In topology, a branch of mathematics, an extension topology is a topology placed on the disjoint union of a topological space and another set. There are various types of extension topology, described in the sections below.
Extension topology
Let X be a topological space and P a set disjoint from X. Consider in X ∪ P the topology whose open sets are of the form A ∪ Q, where A is an open set of X and Q is a subset of P.
The closed sets of X ∪ P are of the form B ∪ Q, where B is a closed set of X and Q is a subset of P.
For these reasons this topology is called the extension topology of X plus P, with which one extends to X ∪ P the open and the closed sets of X. As subsets of X ∪ P the subspace topology of X is the original topology of X, while the subspace topology of P is the discrete topology. As a topological space, X ∪ P is homeomorphic to the topological sum of X and P, and X is a clopen subset of X ∪ P.
If Y is a topological space and R is a subset of Y, one might ask whether the extension topology of Y - R plus R is the same as the original topology of Y, and the answer is in general no.
Note the similarity of this extension topology construction and the Alexandroff one-point compactification, in which case, having a topological space X which one wishes to compactify by adding a point ∞ in infinity, one considers the closed sets of X ∪ {∞} to be the sets of the form K, where K is a closed compact set of X, or B ∪ {∞}, where B is a closed set of X.
Open extension topology
Let X be a topological space and P a set disjoint from X. Consider in X ∪ P the topology whose open sets are of the form X ∪ Q, where Q is a subset of P, or A, where A is an open set of X.
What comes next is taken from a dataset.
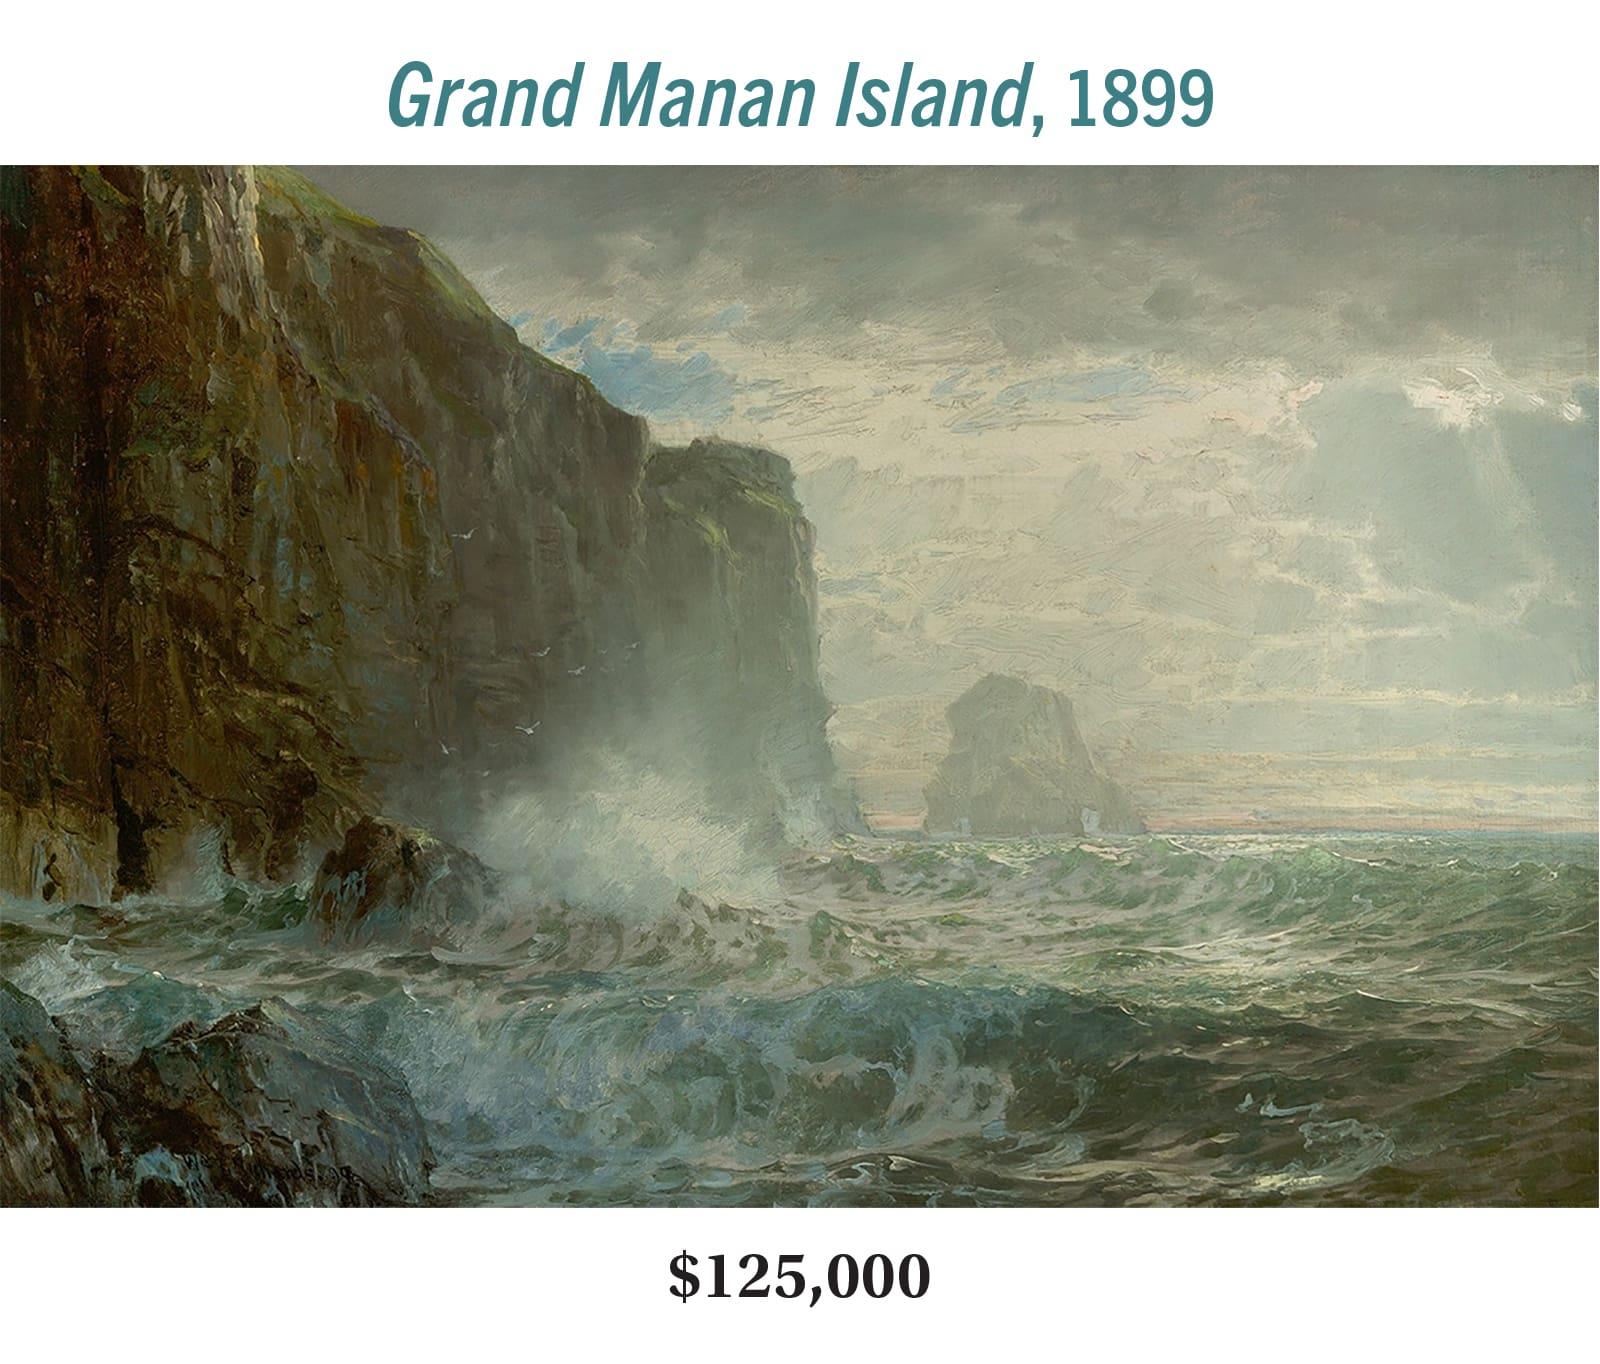 William Trost Richards (1833–1905), Grand Manan Island, 1899, oil on canvas, Hudson River School seascape painting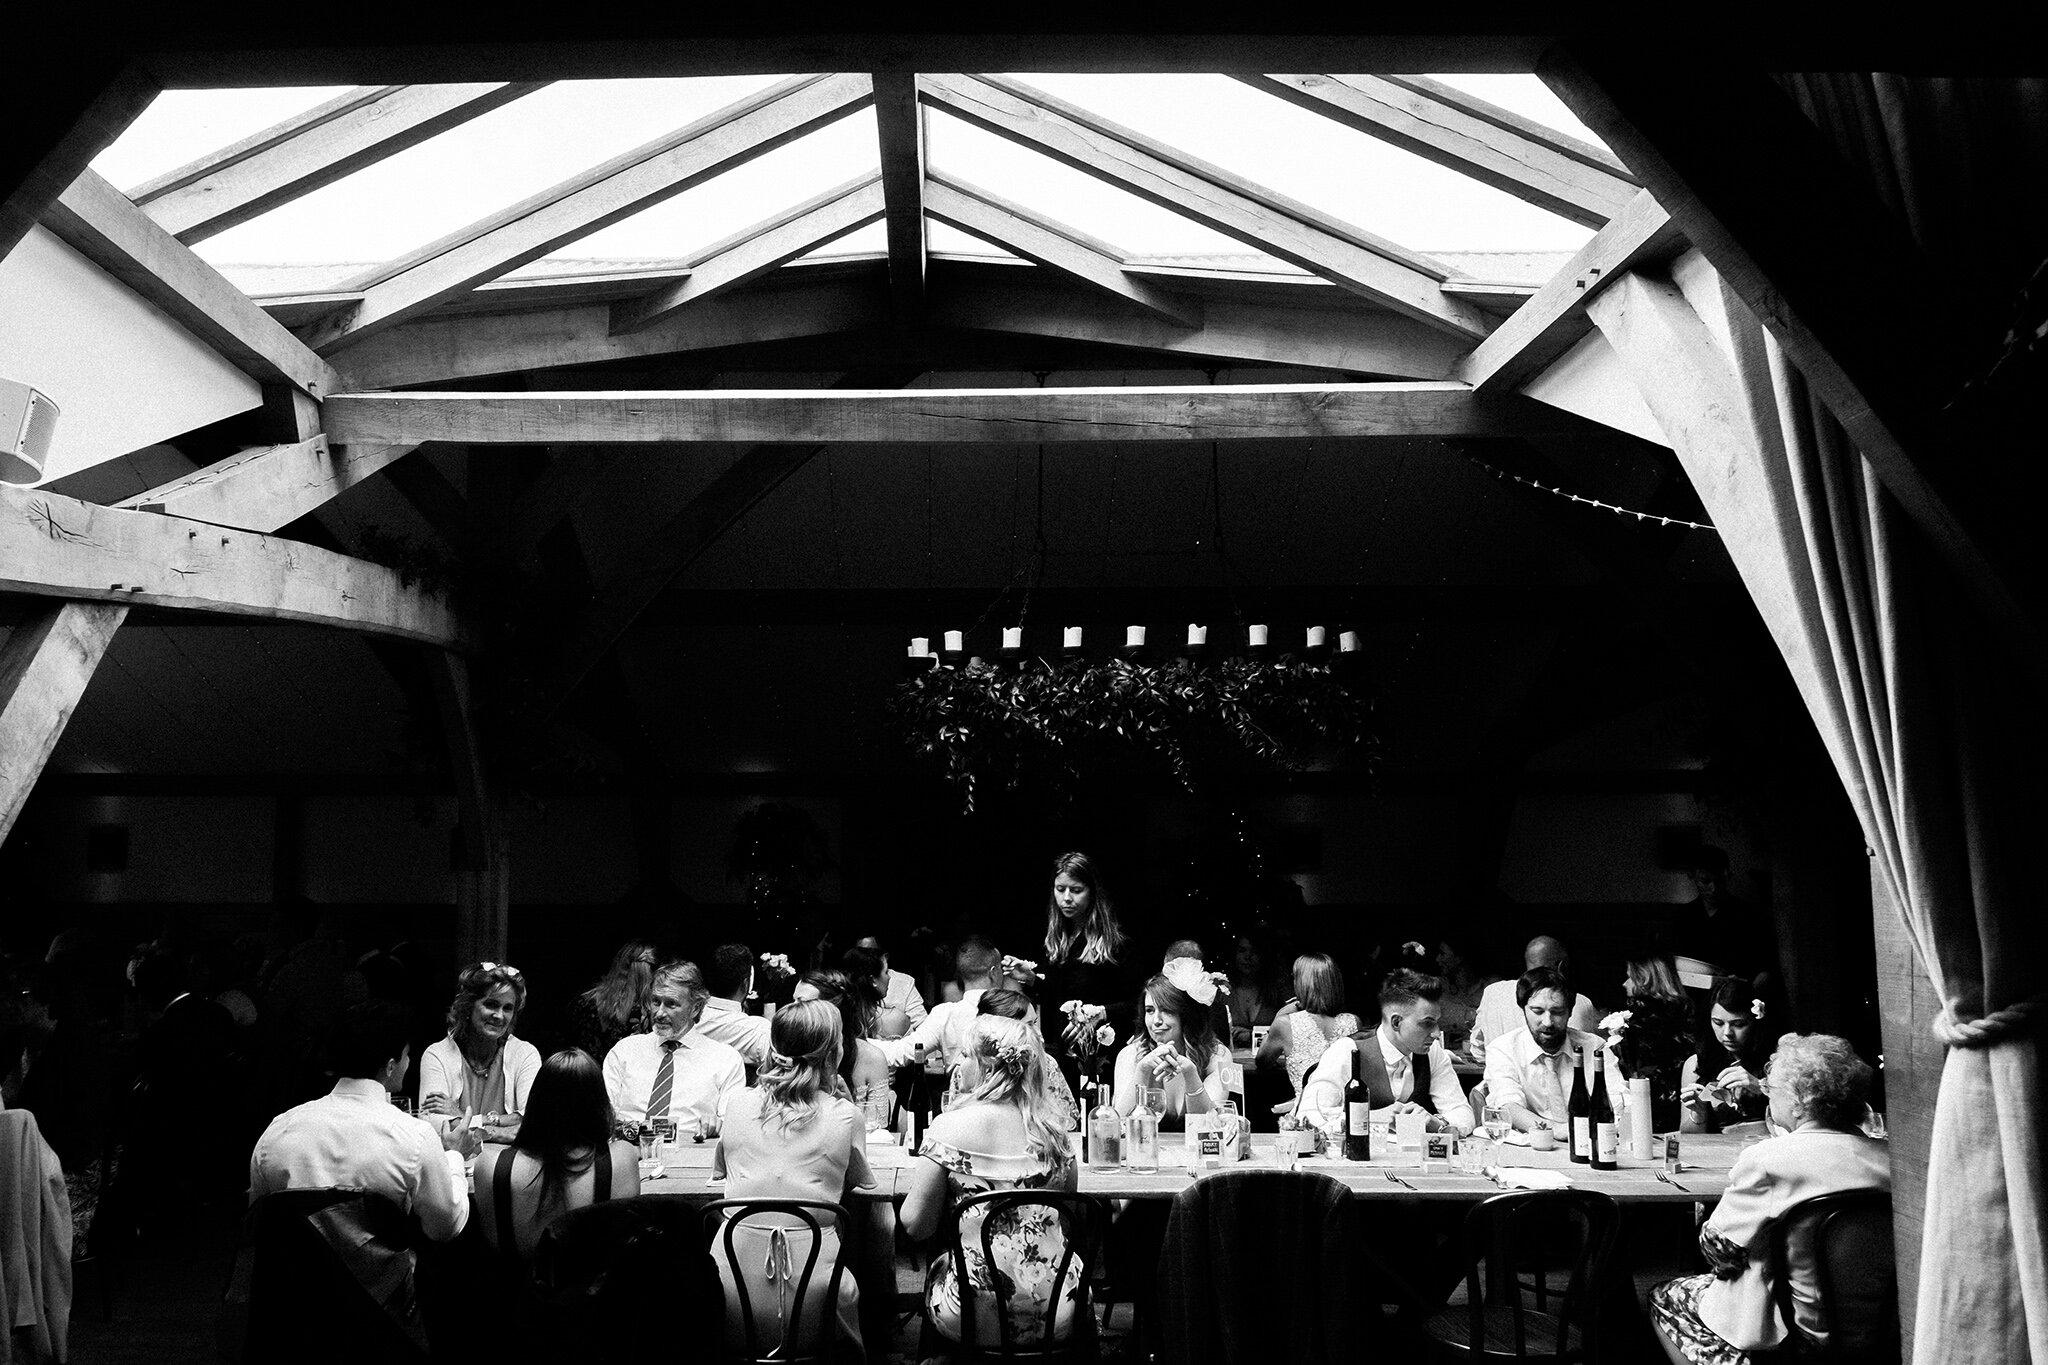 Scott-Stockwell-Photography-wedding-photographer-cripps-barn-table.jpg

For this reason this topology is called the open extension topology of X plus P, with which one extends to X ∪ P the open sets of X. As subsets of X ∪ P the subspace topology of X is the original topology of X, while the subspace topology of P is the discrete topology.
The closed sets in X ∪ P are of the form: Q, where Q is a subset of P, or B ∪ P, where B is a closed set of X. Note that P is closed in X ∪ P and X is open and dense in X ∪ P.
If Y a topological space and R is a subset of Y, one might ask whether the open extension topology of Y - R plus R is the same as the original topology of Y, and the answer is in general no.
Note that the open extension topology of X ∪ P is smaller than the extension topology of X ∪ P.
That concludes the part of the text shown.